The fact that the government is going to going through great lengths to print money and even giving out foregivable loans to businesses means soon a lot of money will be in consumer’s hands. So it might be a great time be ready to get your piece of the pie.
 
Another thing people selling stuff might want to take advantage of is the long lag times from Amazon (who have decided that necessary items now take priority unless you sign up for express shipping). So it might be worth talking to local businesses about featuring their items with next-day delivery (or something along those lines).

Second-hand stuff as well. People are trying to raise hard cash and looking at what they can sell. I just bought a Nikon lens and a Rode mike from people who had just put them up on a local site within the last day or two. (They are for work and I had them down as future purchases, but did I need them right now?
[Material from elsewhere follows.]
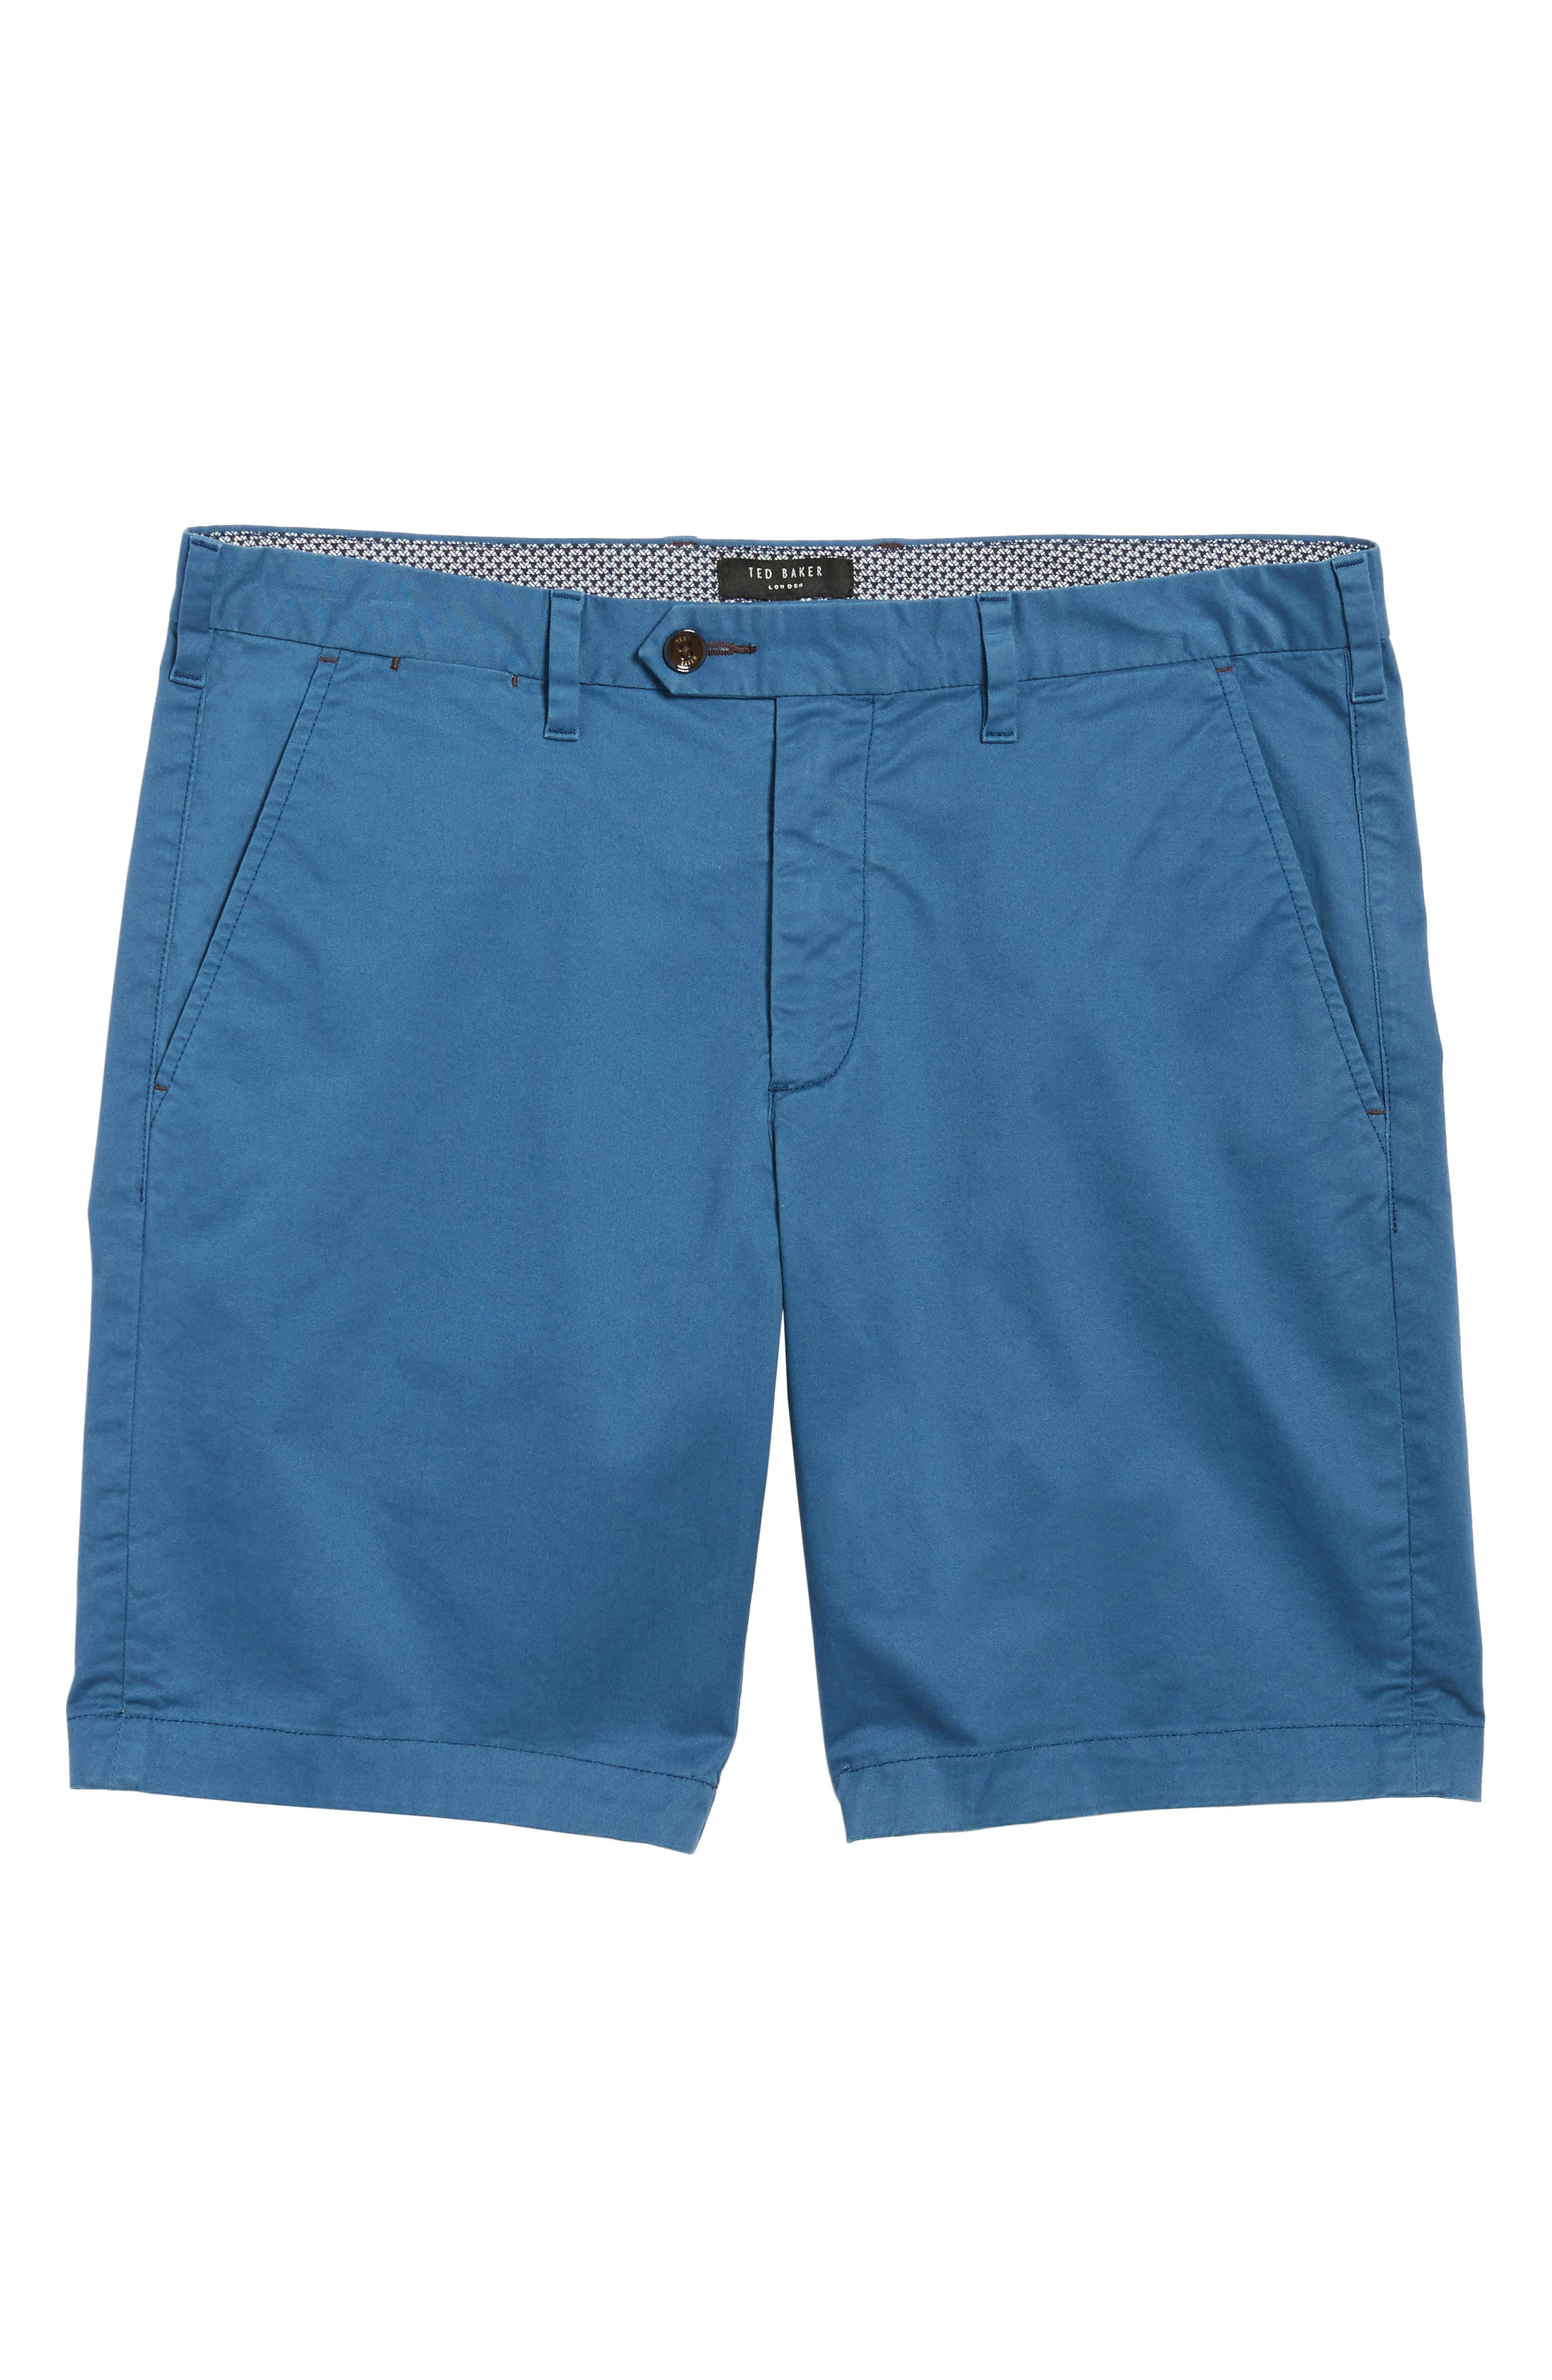 Proshor Slim Fit Chino Shorts,                             Alternate thumbnail 11, color,                             Dark Blue

I don't think so...)
 
i think we have to dive deep on what they consider luxury, cause most people automatically consider a fancy watch, car, or clothes as the primary luxury items and that is it.

Right, this was my mistake here, I read luxury and thought of fancy clothes
 
The National Association of City Transport Officials (NACTO) says they are seeing an “explosion in cycling” in many American cities.
Also apparently been booms in the UK ("We’re out of stock.") and Australia (“We’re the new toilet paper and everyone wants a piece”)...
 
It's about time americans discover that biking is the best way to get around in big cities. You do need biking lanes though.
 
Any of you who do cold calling have realized how much easier it is to contact business owners now that their business has been shut down for months and they are excited about any calls they get. A great opportunity for us all.